Researchers from SonarSource spotted the flaw (CVE-2022-27824) on March 11. 
  • The exploitation of the vulnerability allows an attacker to steal email account credentials in cleartext form from Zimbra Collaboration suites even without user interaction.
  • Further, an attacker can carry out Memcache poisoning using CRLF injection to fool the software into forwarding all the IMAP traffic to the attacker when legitimate users try to log in.
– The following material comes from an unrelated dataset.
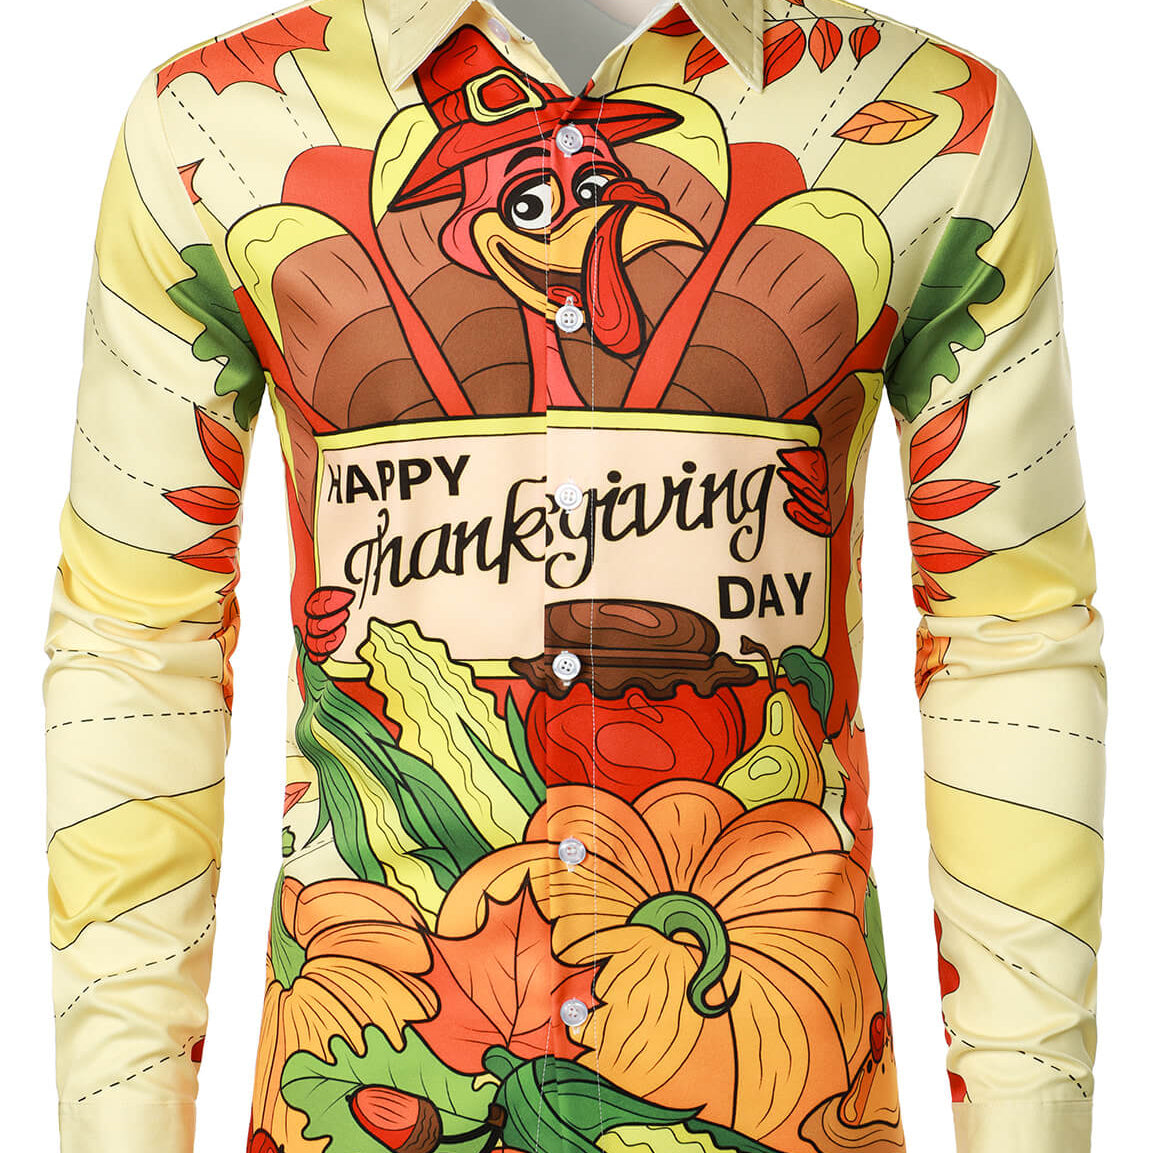 Men's Holiday Happy Thanksgiving Day Party Cute Cartoon Turkey Day Button Long Sleeve Shirt
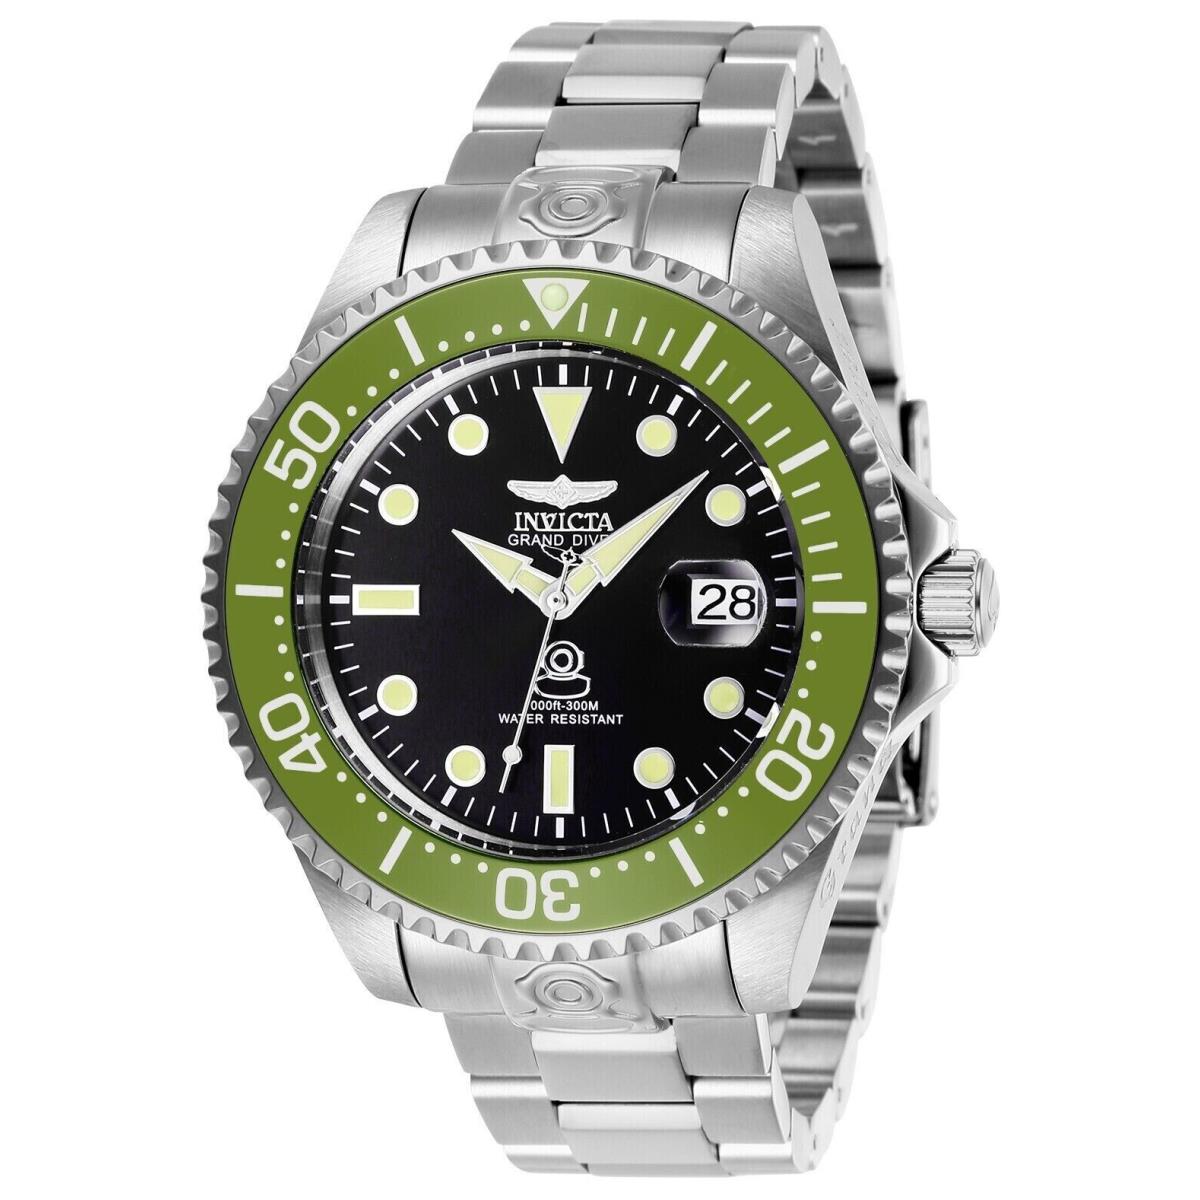 Invicta Grand Diver Black/green Dial Mechanical/automatic Men`s Watch - 27612

Looking at the severity of this bug, the CISA has added it to the catalog of actively exploited flaws, thus, mandating all federal agencies in the U.S. to apply the security updates until the set deadline of August 25.

How does the attack work?

The bug is characterized as a case of Memcached poisoning, allowing an attacker to inject malicious commands and steal information.
  • It happens by poisoning the IMAP route cache entries inside the Memcached server that is used for looking up Zimbra users and forwarding HTTP requests to suitable backend services.
  • Memcached parses incoming requests line-by-line using a text-based protocol. This indicates that the flaw allows an attacker to send a specially crafted lookup request to the server with CRLF characters, to run unintended commands.
  • Further, an attacker can use response smuggling, which is used for smuggling unauthorized HTTP responses and forwarding IMAP traffic to a rogue server.

Patch it

Zimbra already released a security update on May 10 with the release of ZCS 9.0.0 Patch 24.1 and ZCS 8.8.15 Patch 31.1.

Conclusion

Non-federal agencies and organizations that haven't patched their products are vulnerable to attacks. Thus, it is recommended to apply the security patch as soon as possible to prevent any possibility of exploitation. An effective patch management program can also protect businesses from such threats.